落ち着かない、といえばもう一人気になる生徒がいる。窓際のぼくとは反対側、廊下に一番近い席に座っている男子だ。
「伊丹さん、あそこの彼って誰か知ってる?」
「夕奈でいいよ。彼は……亜月、知ってる?」
「いきなり話振らないでください」
迷惑そうに睨みながらも亜月の対応は早かった。机を夕奈のほうに寄せて、声の音量が一段階下がる。
「
「へぇ、よく知ってんね」
「委員長なので」
「それ理由になってる?」
少なくとも亜月の中では筋の通った理由になっているらしい。
数久田玲生。亜月の情報が確かなら知らないのもおかしくはないのか。ここに集まった面々だって、皆が皆と面識があるわけではなさそうだ。
「いいこと考えました」
亜月がこう言うときは大した提案でもないことを僕は知っている。
「各々で自己紹介をしましょう。これから三日間役割を演じて騙し合いをするわけですし、素を知っておいたほうがいいかと」
「あぁ、うん」
思ったよりもまっとうな提案だった。翻って、この場の誰もがきっかけを探していた提案でもある。
ここに集った七人(今はひめりが離席しているから六人だが)はクラスがそれぞれバラバラだ。唯一雄星と亜月が同じクラスだがそれ以外は綺麗に分かれている。一年生の時に同じクラスだったり接点があった相手はいるものの、基本的にはまったく異なるコミュニティに属する面々が揃っている。

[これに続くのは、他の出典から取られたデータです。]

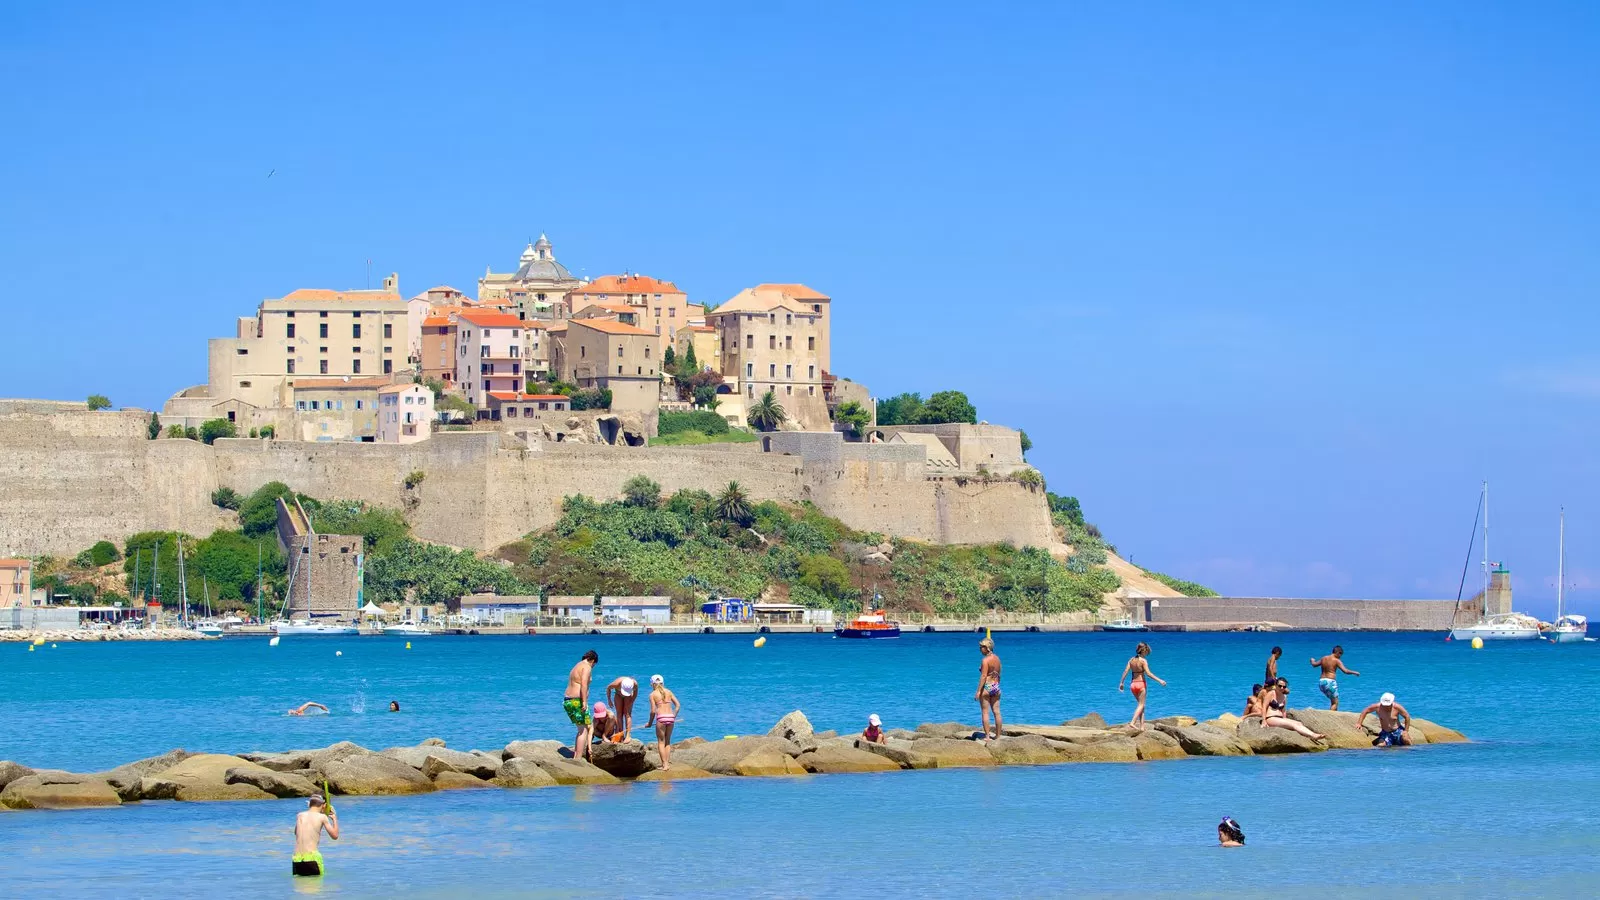 What to Do and See When in Corsica?

雄星や奉司のような目立つ存在はクラスが異なっていても顔くらいは知られている。雄星はサッカー部の主将で体育会系の象徴みたいな男だし、奉司は今時珍しい近寄りがたさの不良生徒だ。方向性は違えど、どちらも学年に一人はいるタイプの人物像だといえた。
そういったカテゴリで考えると、亜月のような優等生は各クラスにひとりかふたり居る場合が多く、意外と印象に残りづらい。期末試験の後に貼り出される順位表の上位勢は名前を知られていることが多いが、九条亜月という名前はあったかどうかも覚えていなかった。
「いいね、自己紹介。僕からやっていい?」
雄星が立ち上がり、早くも一番手に名乗り出る。
「漣雄星。二年C組でサッカー部所属。好きなものは夏とハンバーグ」
よろしく、と雄星は爽やかに笑ってみせる。最初に名乗りを上げただけあってお手本のような自己紹介だ。真っ先に亜月が拍手し、それに続いてまばらに拍手が続く。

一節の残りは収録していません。